A cowboy walks across the wooden floor of a saloon. All you can hear is the jingle-jangle of his spurs as his boots hit the ground with each step, kicking up a small puff of dust. Ka-ching. Ka-ching.
When most of us think of spurs, that is what comes to mind. We turn our thoughts back to those western movies featuring cowboys wearing elaborate, shiny spurs on the heels of their boots. Those of us who have known working cowboys may not share that vision. We might think more in terms of a simple piece of equipment. Bent metal, leather straps–nothing exciting, carefully engraved or shiny.
There is another type of spur out there. Bull riding spurs are required equipment for those daredevils willing to risk life and limb for an eight-second ride on the back of a mean, massive creature who does not want anyone on his back. Bull riding spurs do not really share that much in common with other spurs, though. They have a different appearance and a different function.

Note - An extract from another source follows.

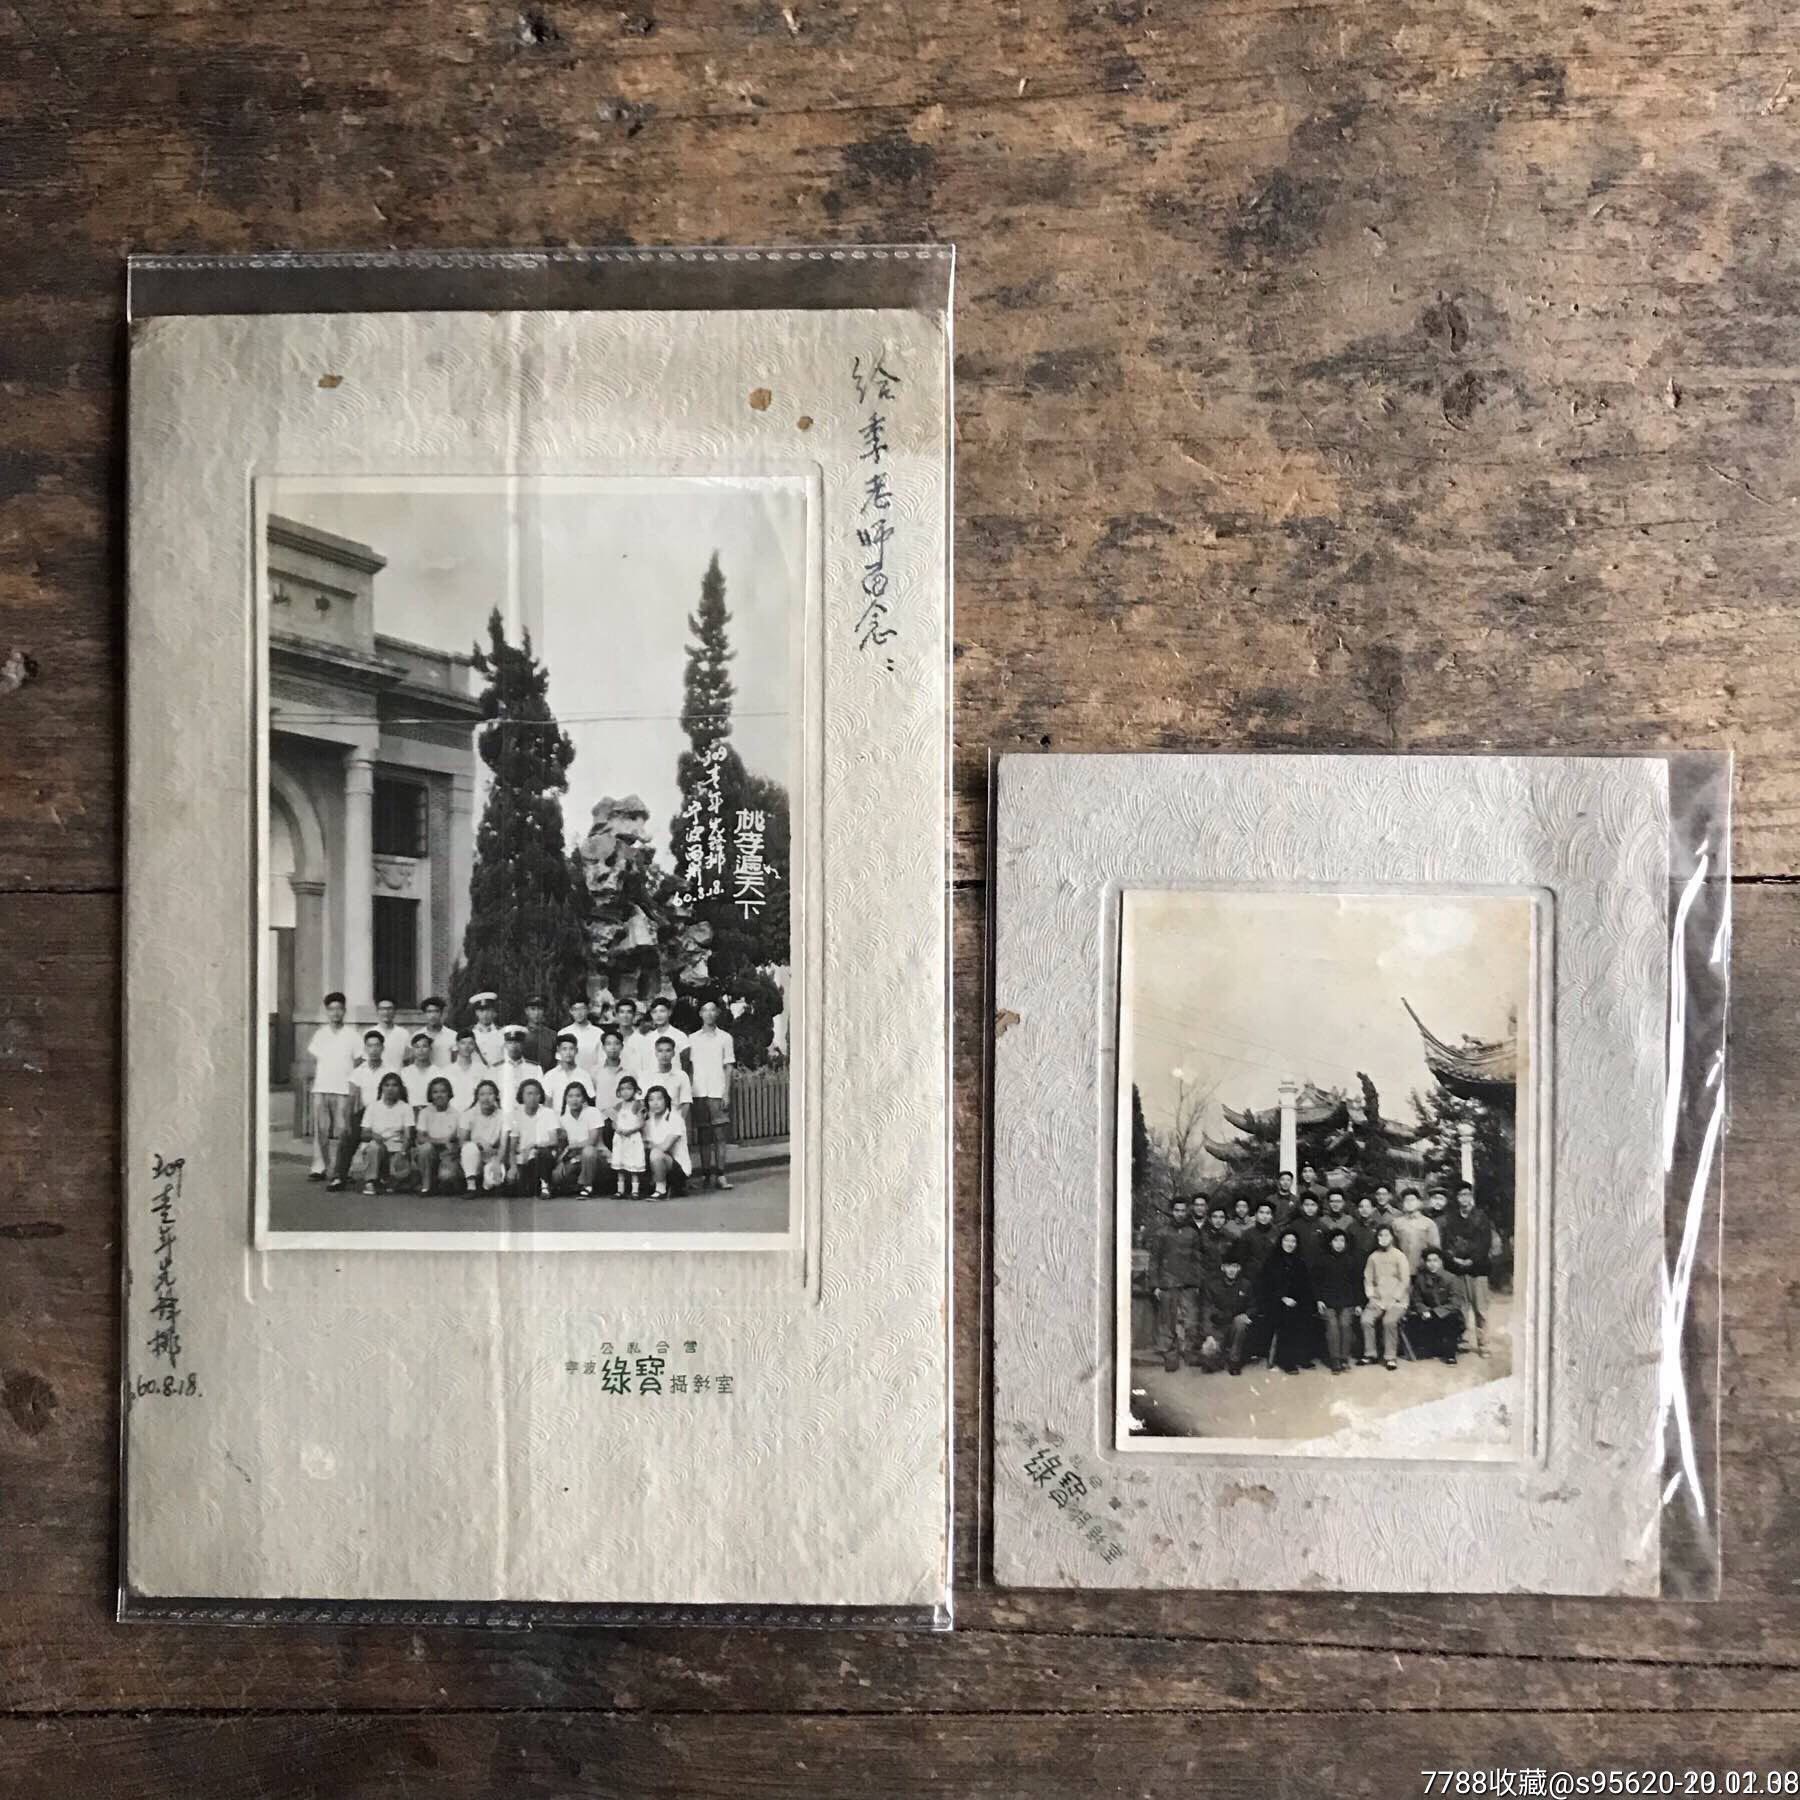 民国后老照片公私合营老照片60年代宁波老照片中山公园背景老师学生

Bull riding spurs really are different from the ornamental spurs of dandy movie cowboys and they are a radical departure from other traditional spurs. Understanding why they are different requires a sense of how and why they are used.
Riders do not use these spurs to goad the bull into intensifying the action. They are not digging their spurs into the bull’s side to create a more violent, exciting ride at all. In fact, it is against the rules to cut a bull with your spurs. These spurs are not on a rider’s boots to inflict pain.

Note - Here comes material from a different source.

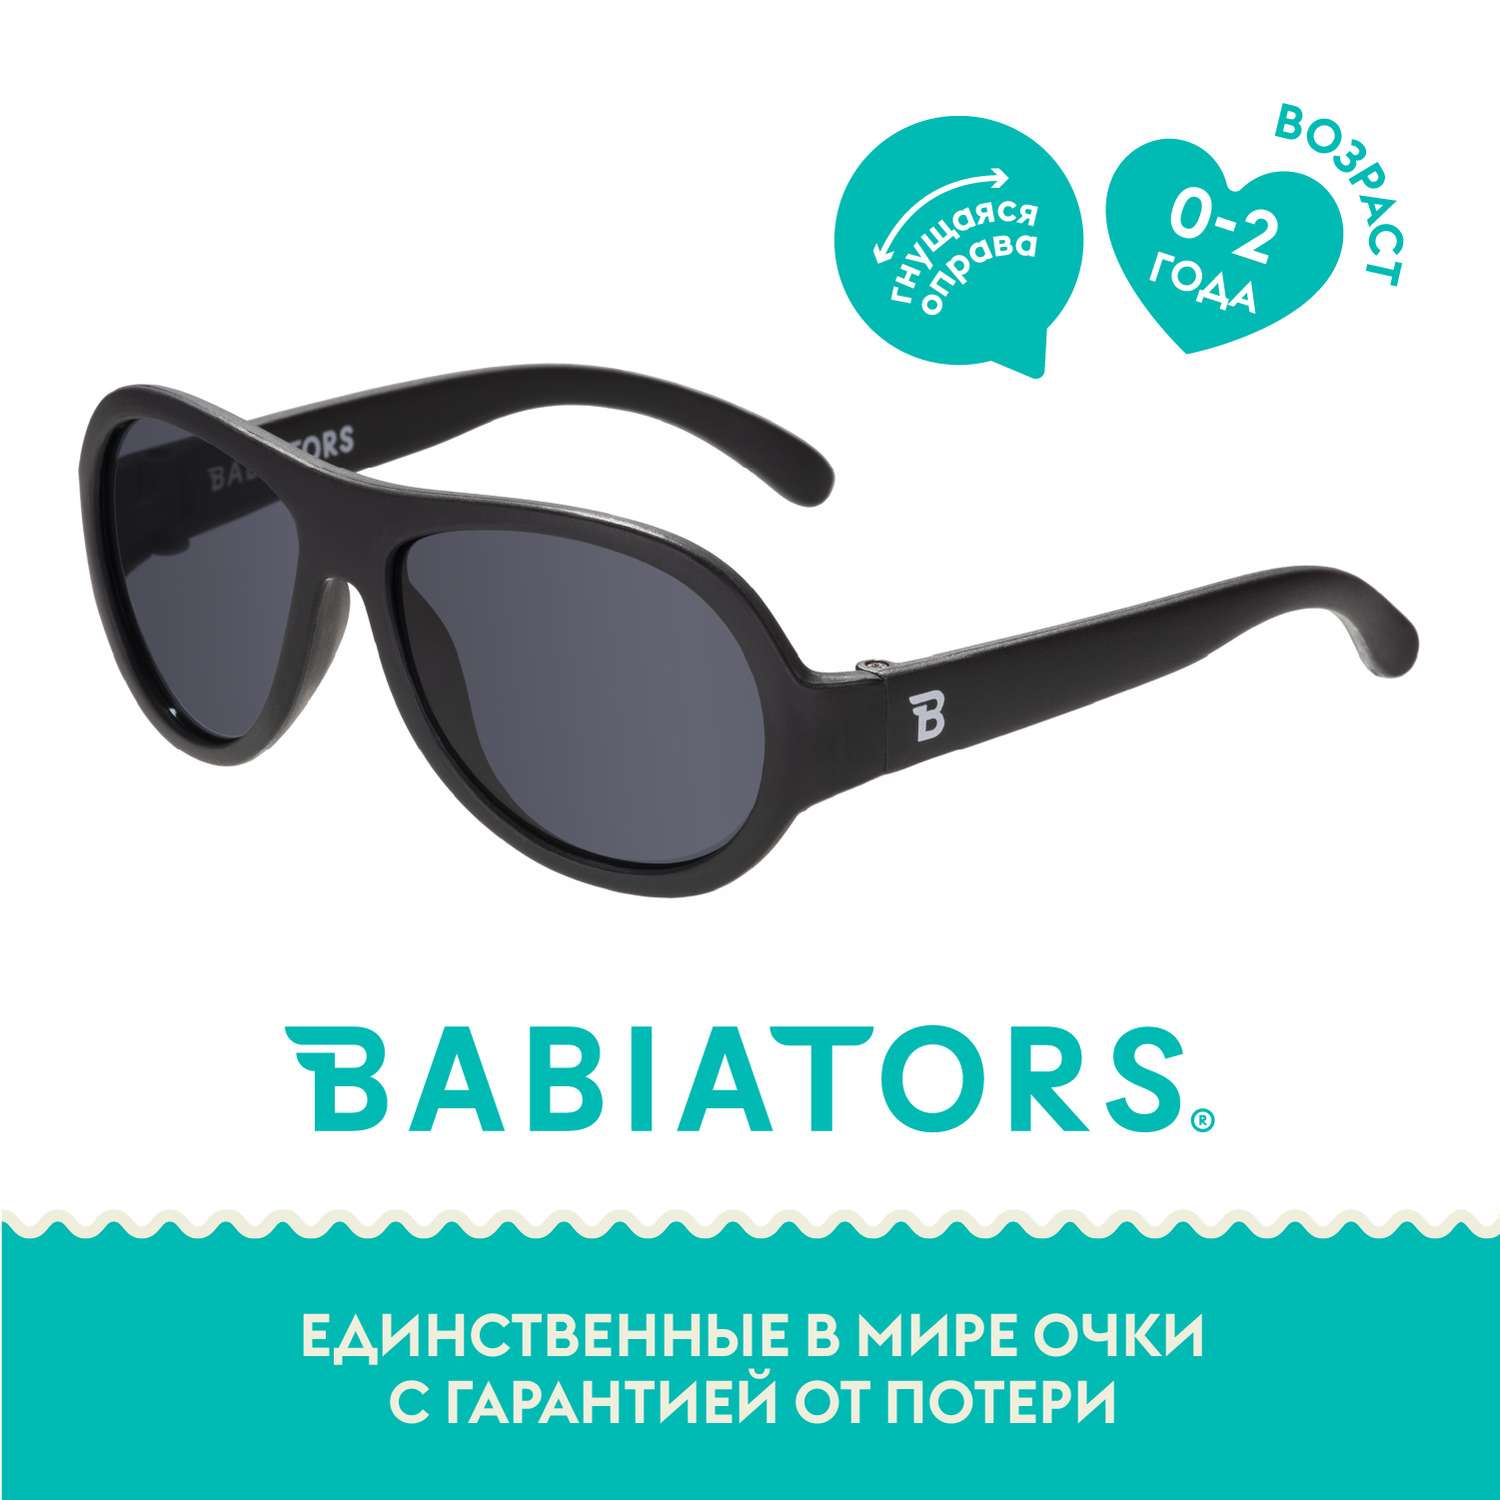 Солнцезащитные очки Babiators Aviator Чёрный спецназ 0-2 BAB-001 - фото 1

Instead, riders use these spurs to help them stay on the bull. Riders will attempt to balance and center themselves by getting a good grip on the bull with their legs. They use the bull riding spurs to accomplish this. The legs are a key part of successful riding and the most accomplished bull riders do a wonderful job of managing their ride with their legs–and their spurs.
Bull riding spurs are subject to a number of limitations and regulations in the professional bull riding world. They cannot be too long. They cannot be sharp. Their wheels must freely spin. Again, you are not going to see those shiny silver spurs from the movies at the next PBR event. Instead, you will notice short little spurs, often in matte finishes strapped to the riders’ boots at their spur lines.
It can be easy to overlook those stubby little bull riding spurs, but they are an important part of the rider’s gear. They make surviving those eight seconds a little more safe and manageable.